Amazon SageMaker Feature Store
Amazon SageMaker Feature Store is a fully managed, purpose-built repository to store, share, and manage features for machine learning (ML) models. Features are inputs to ML models used during training and inference. For example, in an application that recommends a music playlist, features could include song ratings, listening duration, and listener demographics.

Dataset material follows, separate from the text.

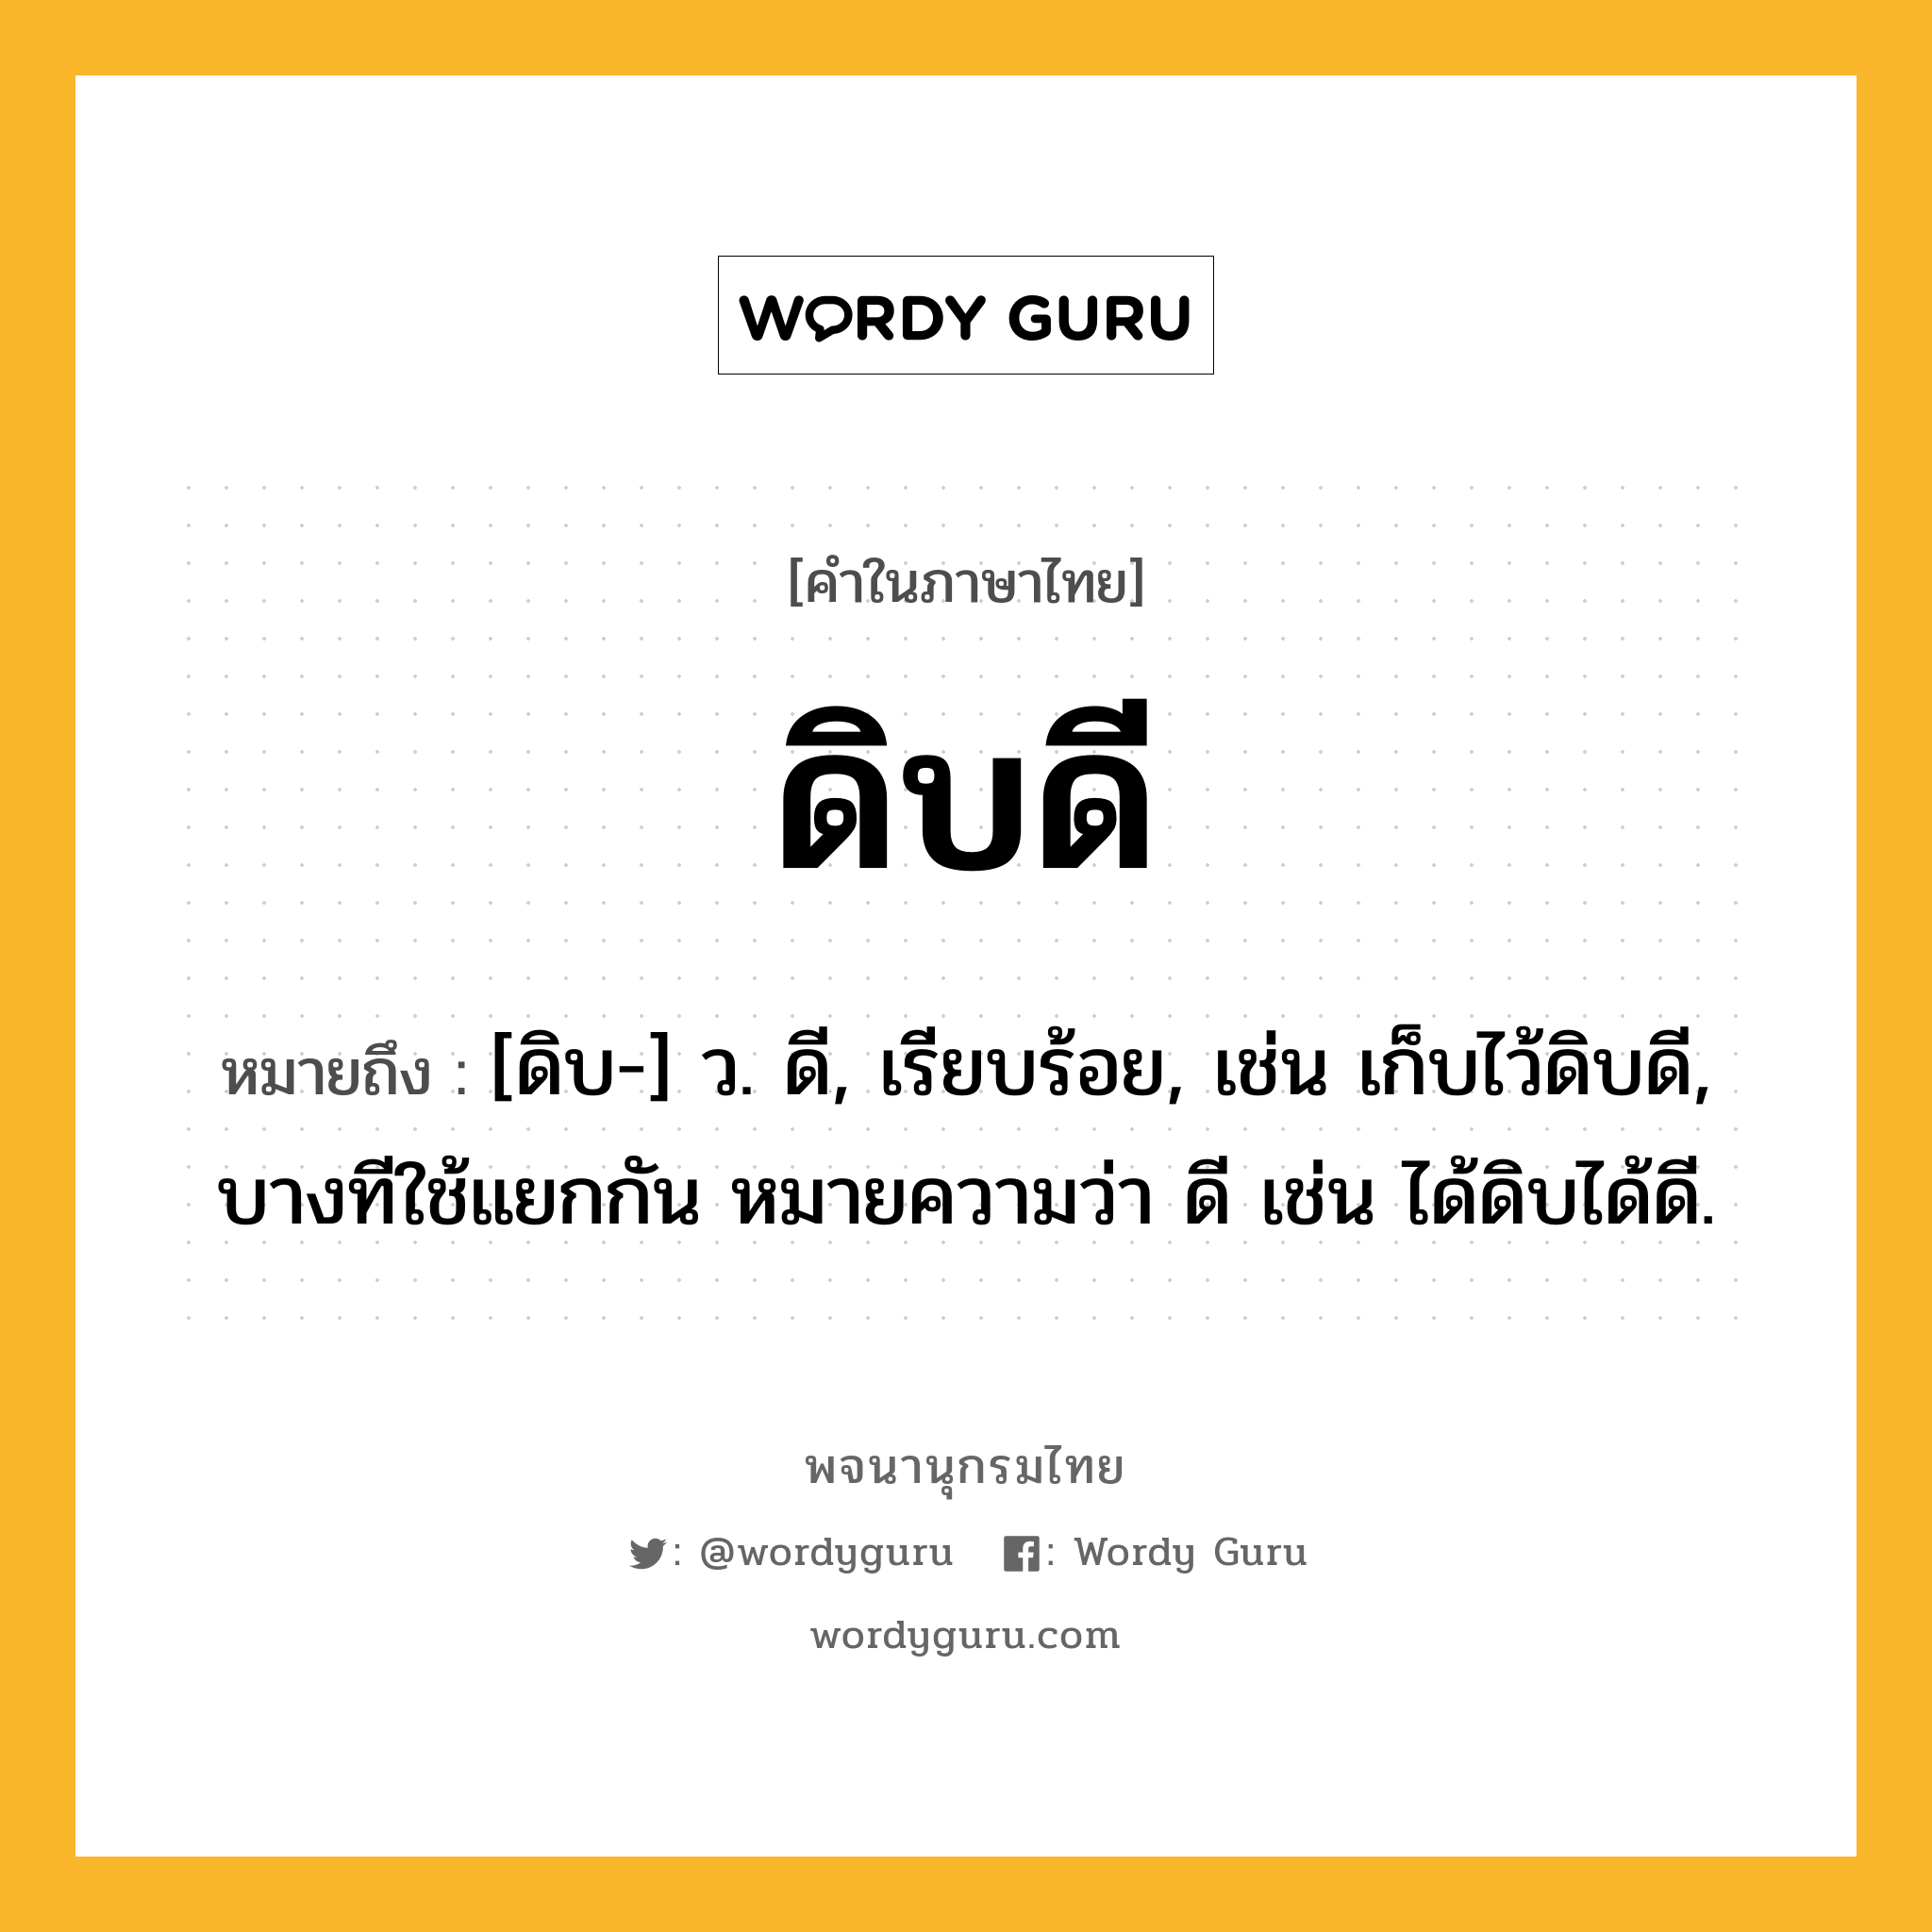 ดิบดี หมายถึงอะไร?, คำในภาษาไทย ดิบดี หมายถึง [ดิบ-] ว. ดี, เรียบร้อย, เช่น เก็บไว้ดิบดี, บางทีใช้แยกกัน หมายความว่า ดี เช่น ได้ดิบได้ดี.

Which of the following performance metrics would you recommend to the team for evaluating the effectiveness of its classification system?
Precision, Recall and F1-Score
Precision, Recall, and F1-Score are standard performance metrics used to evaluate the effectiveness of a classification system:
Precision
Measures the accuracy of the positive predictions, calculated as the ratio of true positives to the sum of true positives and false positives.
Recall (Sensitivity)
Measures the ability of the classifier to identify all positive instances, calculated as the ratio of true positives to the sum of true positives and false negatives.
F1-Score
The harmonic mean of Precision and Recall, providing a single metric that balances both concerns.
Amazon SageMaker Clarify
You can use SageMaker Clarify to identify potential bias in data preparation, allowing you to detect and measure bias in datasets and models to ensure fairness and transparency in machine learning applications
SageMaker Clarify is specifically designed to help identify and mitigate bias in machine learning models and datasets. It provides tools to analyze both data and model predictions to detect potential bias, generate reports, and help ensure that models are fair and transparent. It can help identify and measure bias within the data preparation stage and throughout the model’s lifecycle. This capability is essential for building trustworthy AI systems that do not inadvertently discriminate against specific groups.
Batch inference
Batch inference is the most suitable choice for processing a large payload of several gigabytes with Amazon SageMaker when there is no need for immediate responses. This method allows the company to run predictions on large volumes of data in a single batch job, which is more cost-effective and efficient than processing individual requests in real-time. Batch inference can handle large datasets and is ideal for scenarios where waiting for the responses is acceptable, making it the best fit for this use case.
SageMaker Batch Transform will automatically split your input file of several gigabytes (GBs) into whatever payload size is specified if you use “SplitType”: “Line” and “BatchStrategy”: “MultiRecord”.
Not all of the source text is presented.